---------- RAW DATA ----------
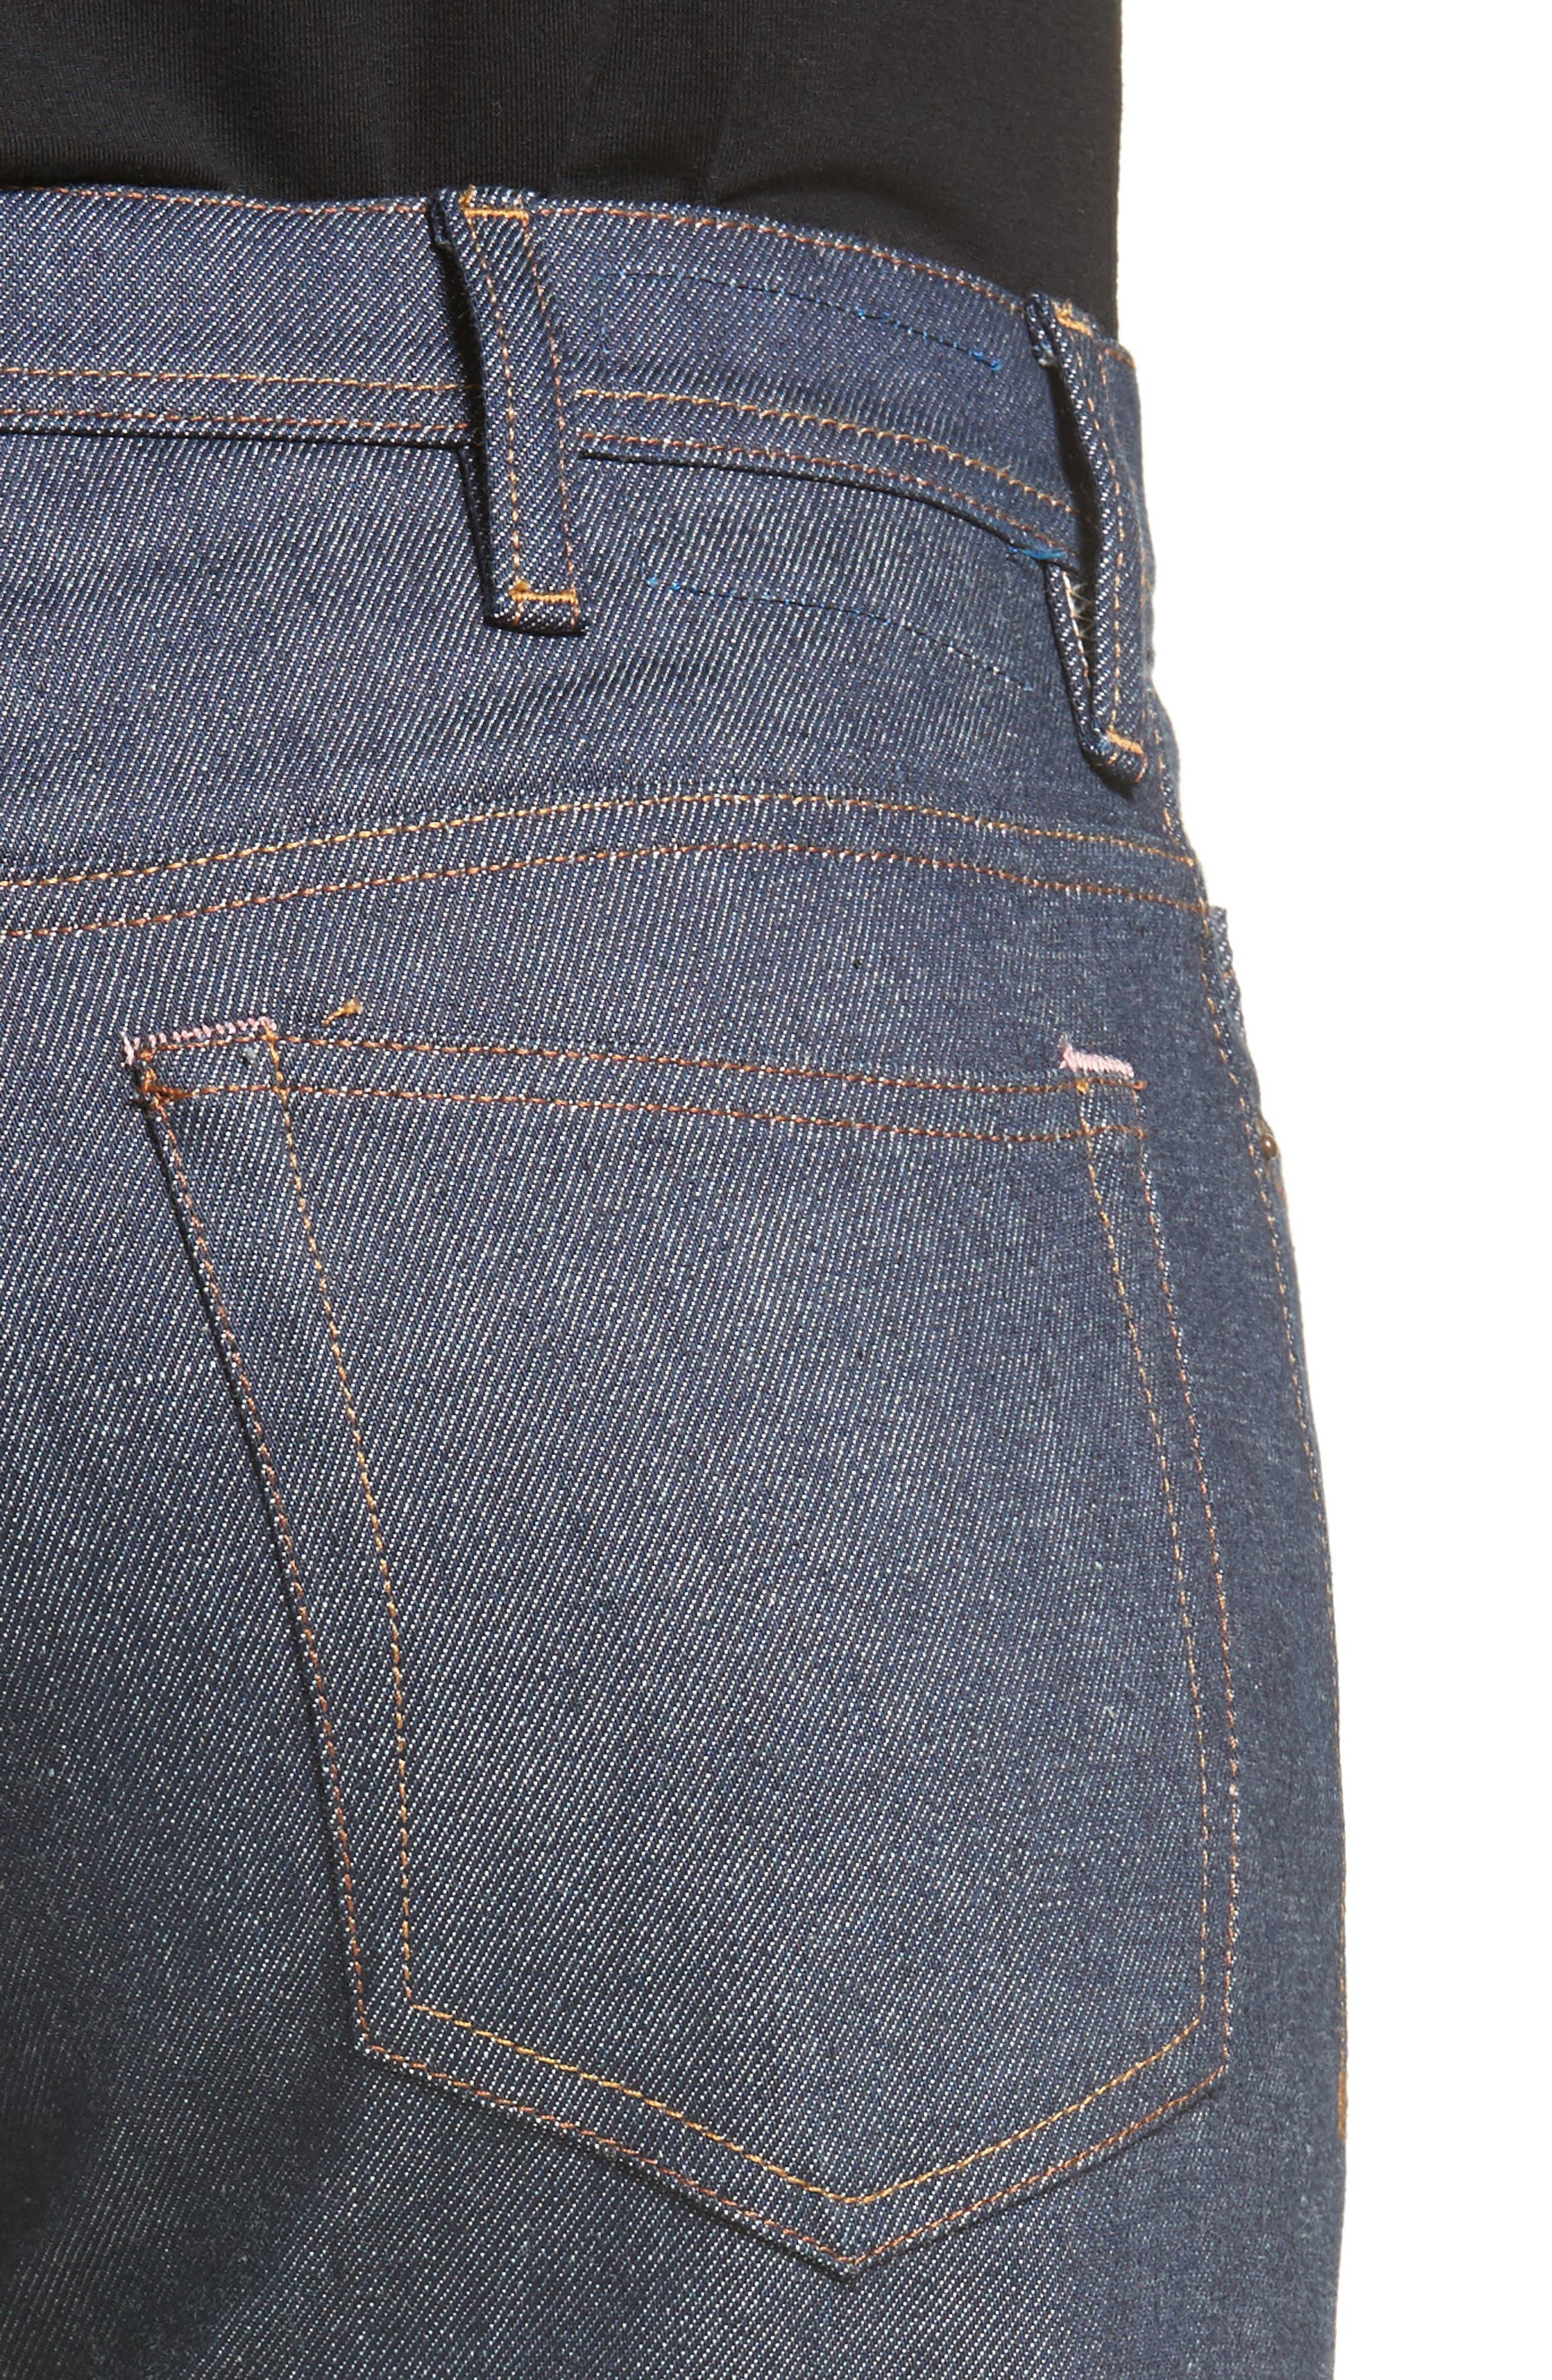 River Slim Tapered Leg Jeans,                             Alternate thumbnail 4, color,                             INDIGO
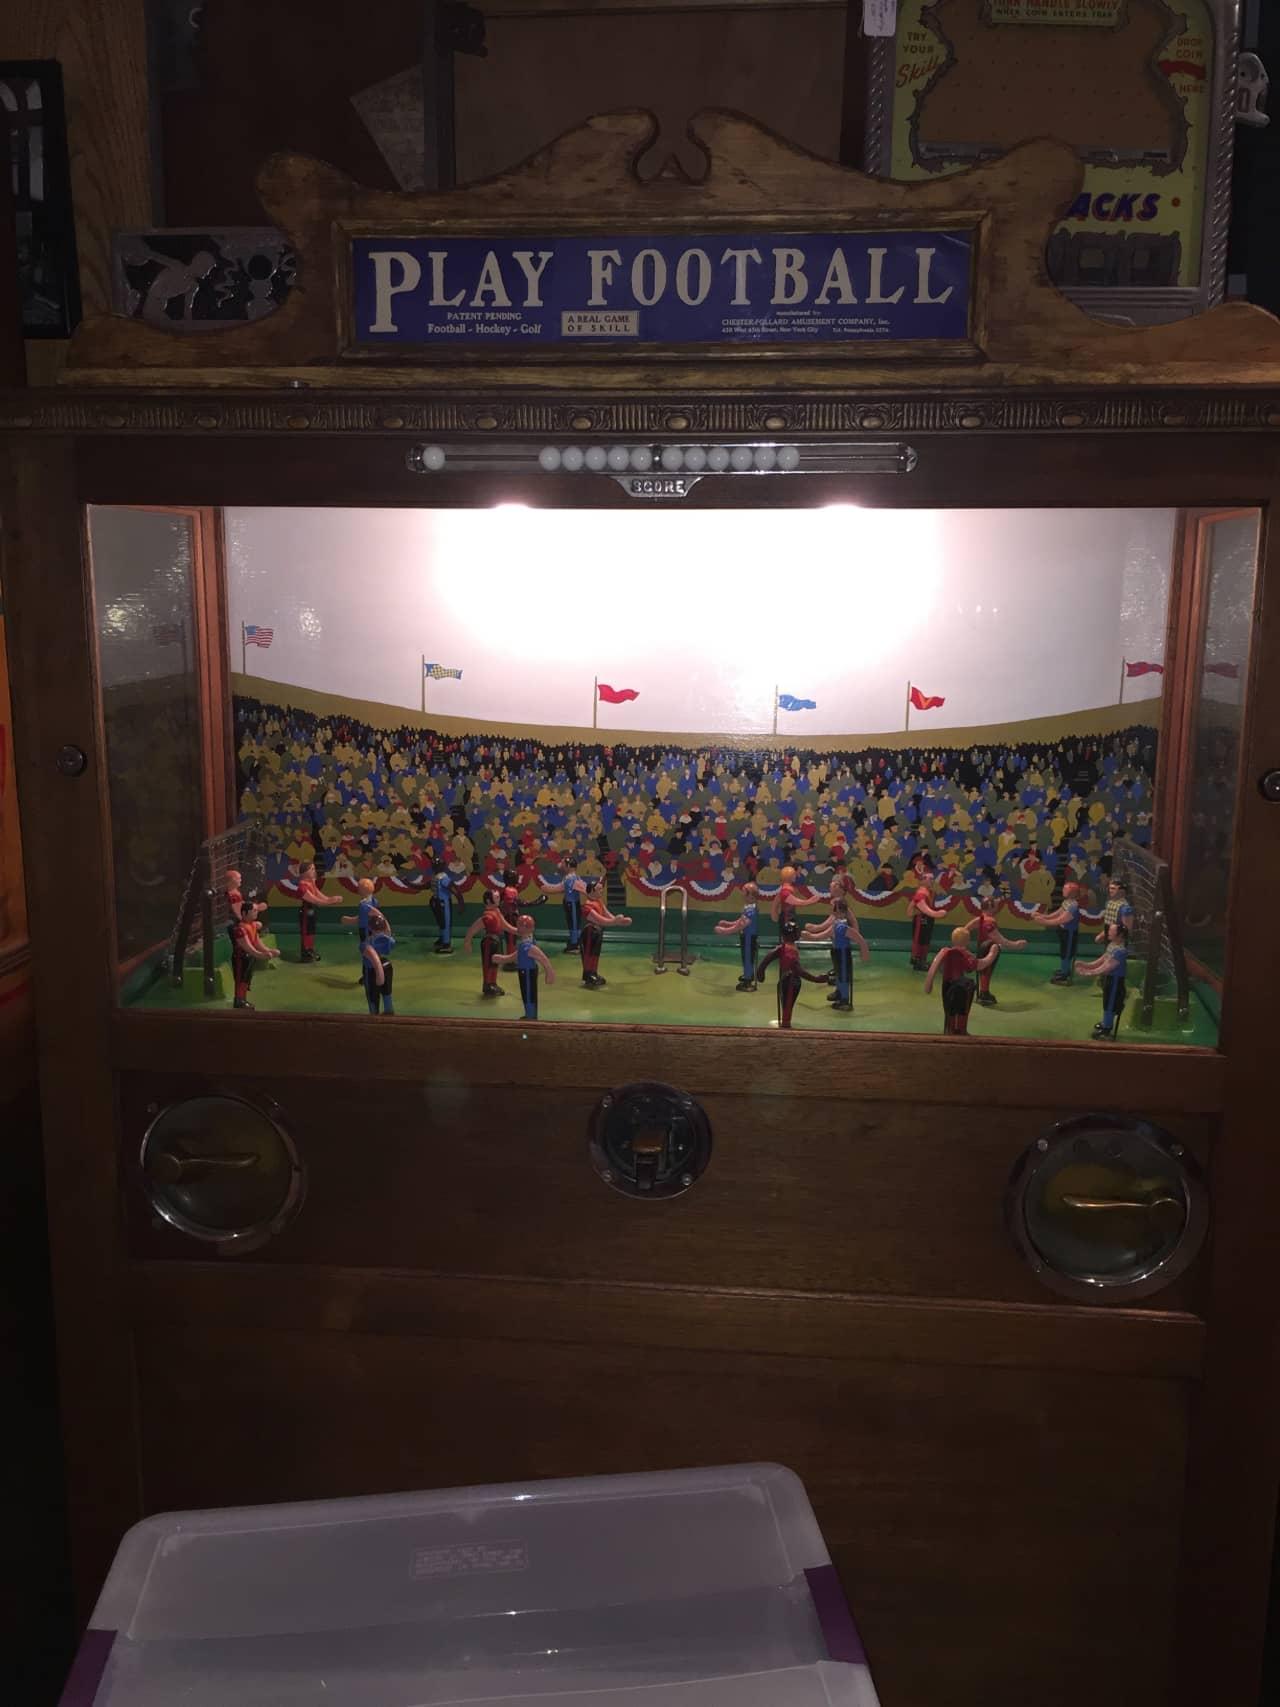 CHESTER POLLARD PLAY FOOTBALL
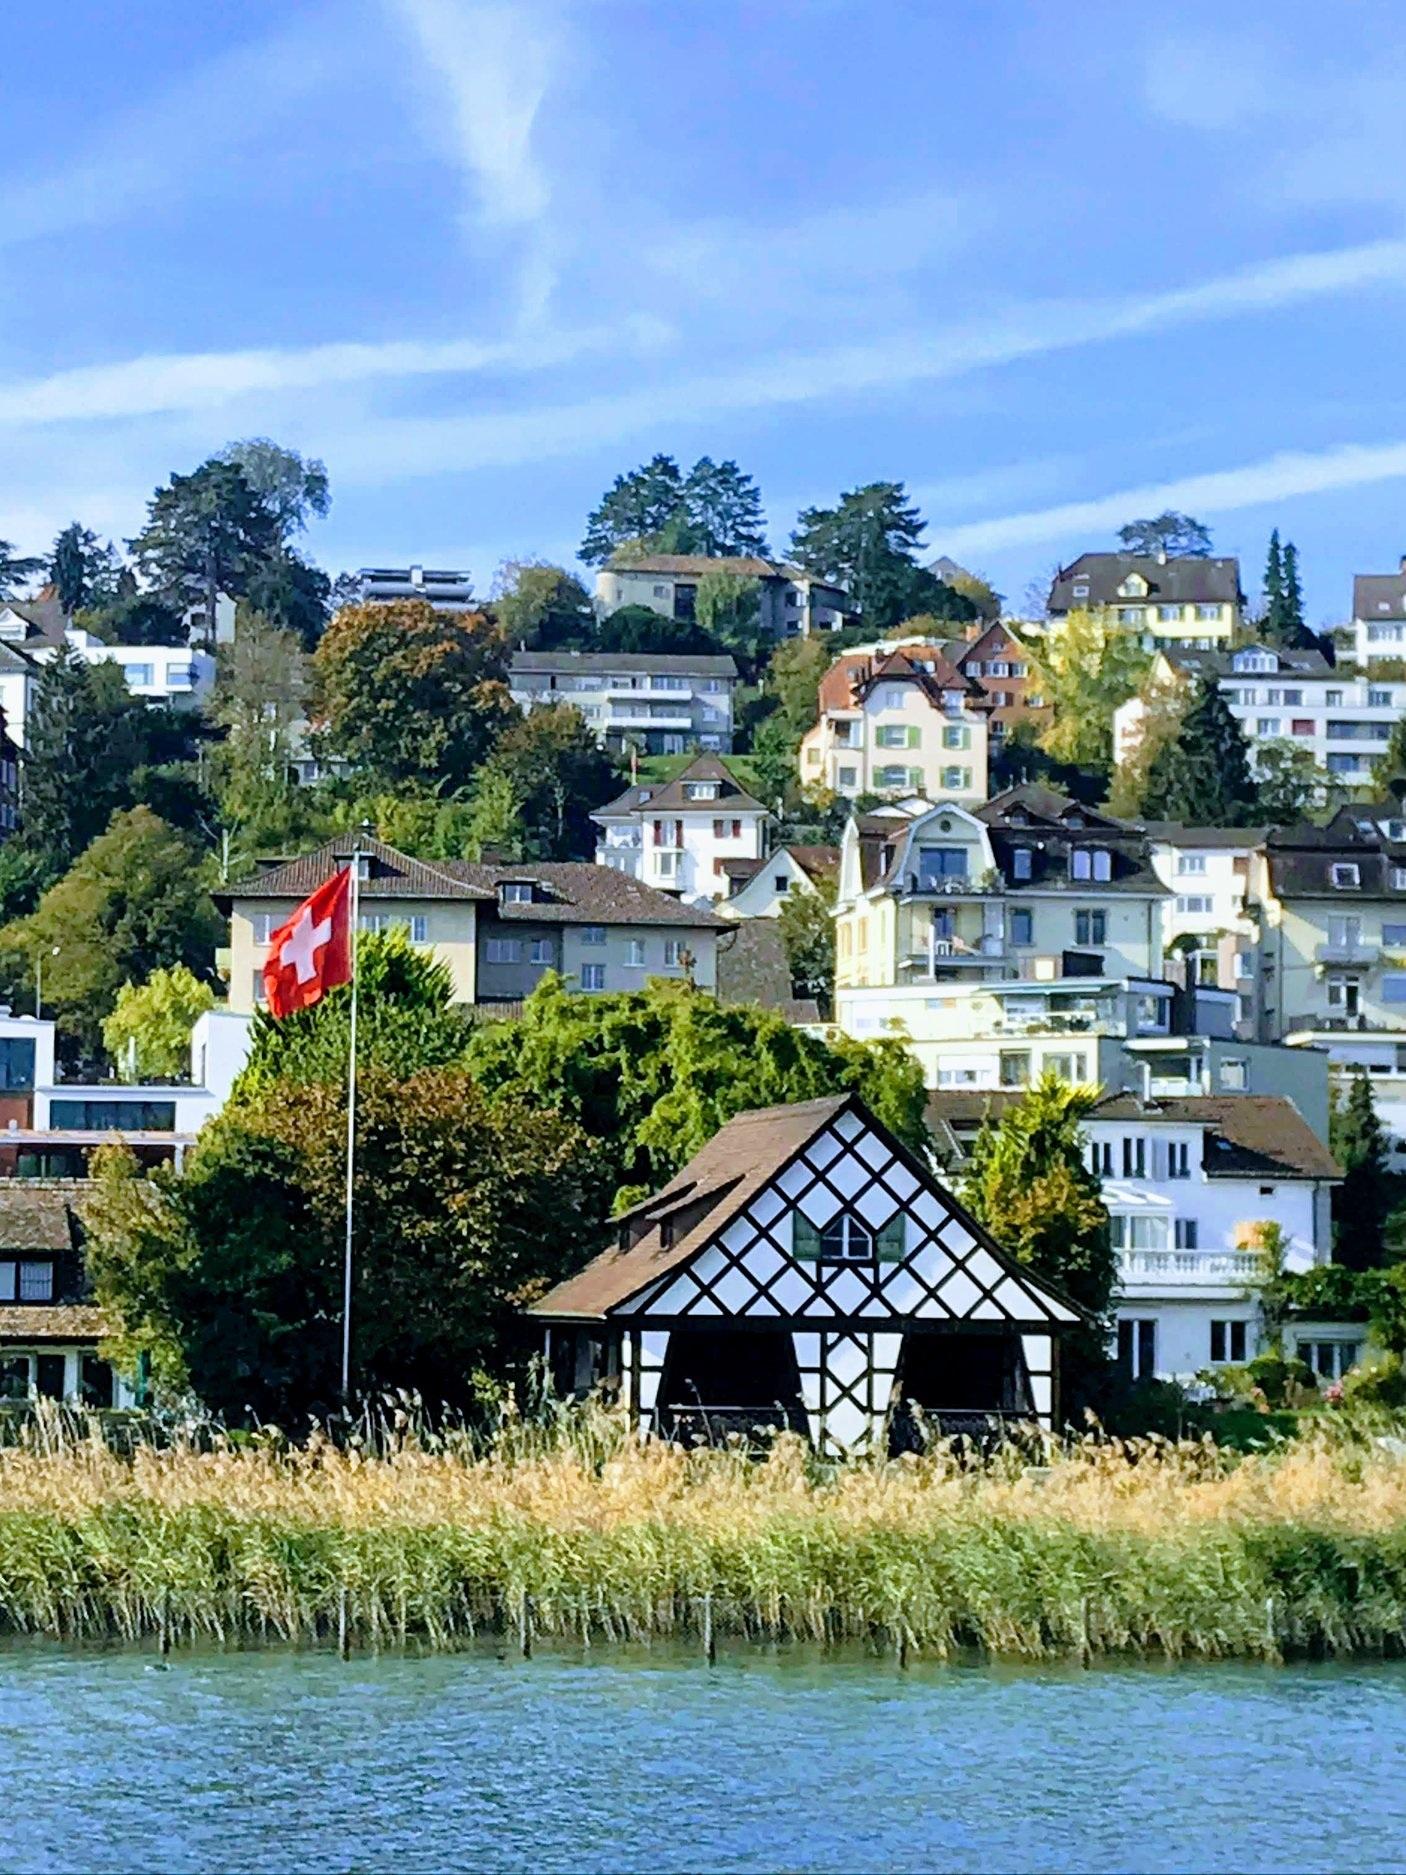 Lakeside houses by Kilchberg in Switzerland
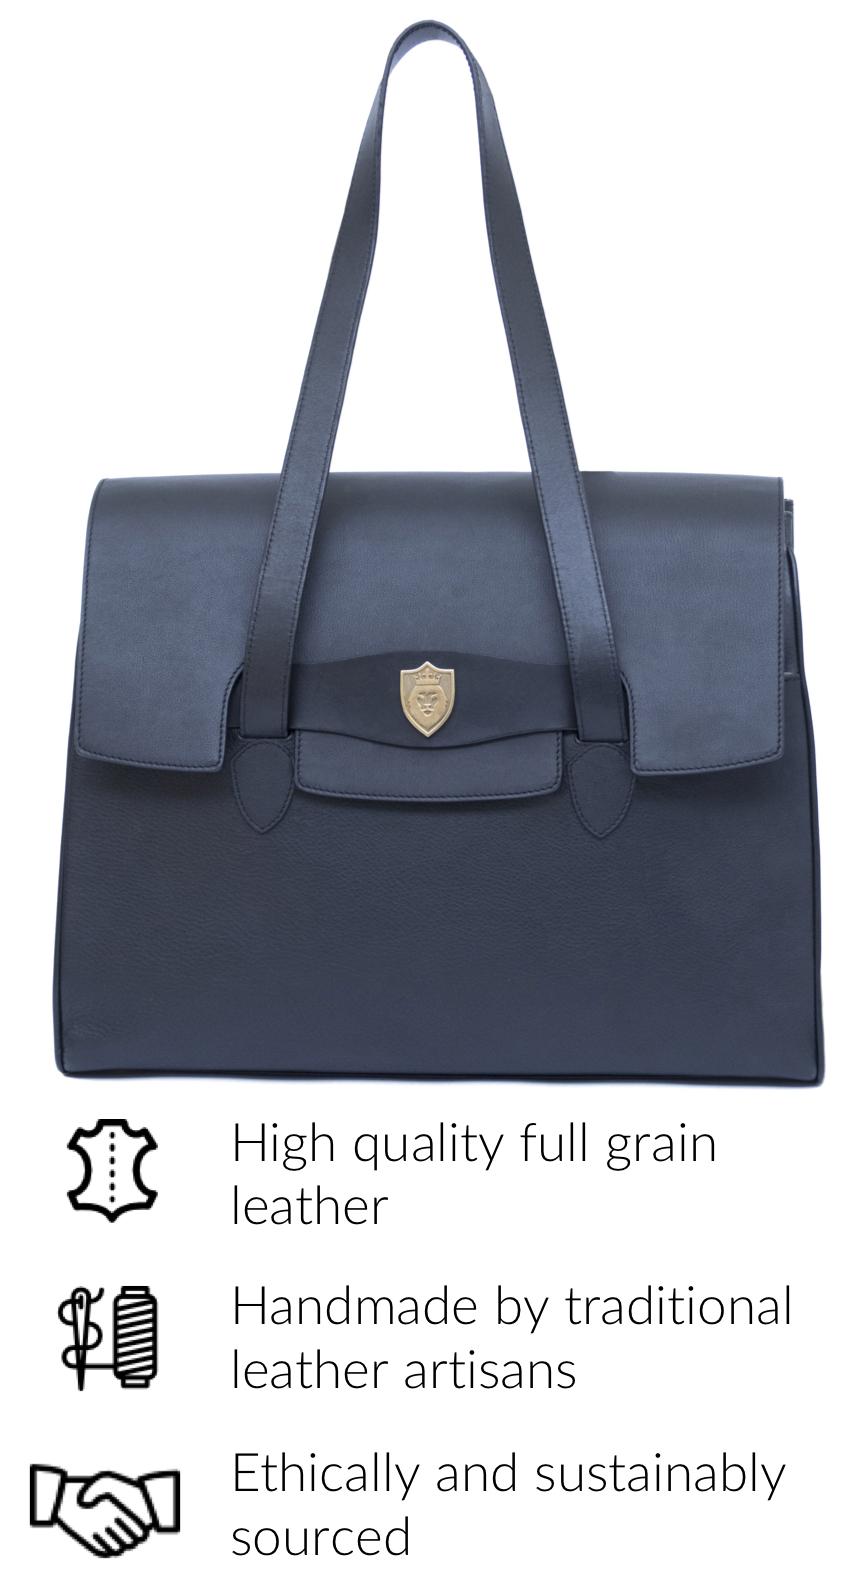 Handbag view
----------
ASSIGNED TASK:
With the pictures removed, write the listing out word for word.

SOLUTION FOR THIS TASK:
 River Slim Tapered Leg Jeans,                             Alternate thumbnail 4, color,                             INDIGO
 CHESTER POLLARD PLAY FOOTBALL
 Lakeside houses by Kilchberg in Switzerland
 Handbag view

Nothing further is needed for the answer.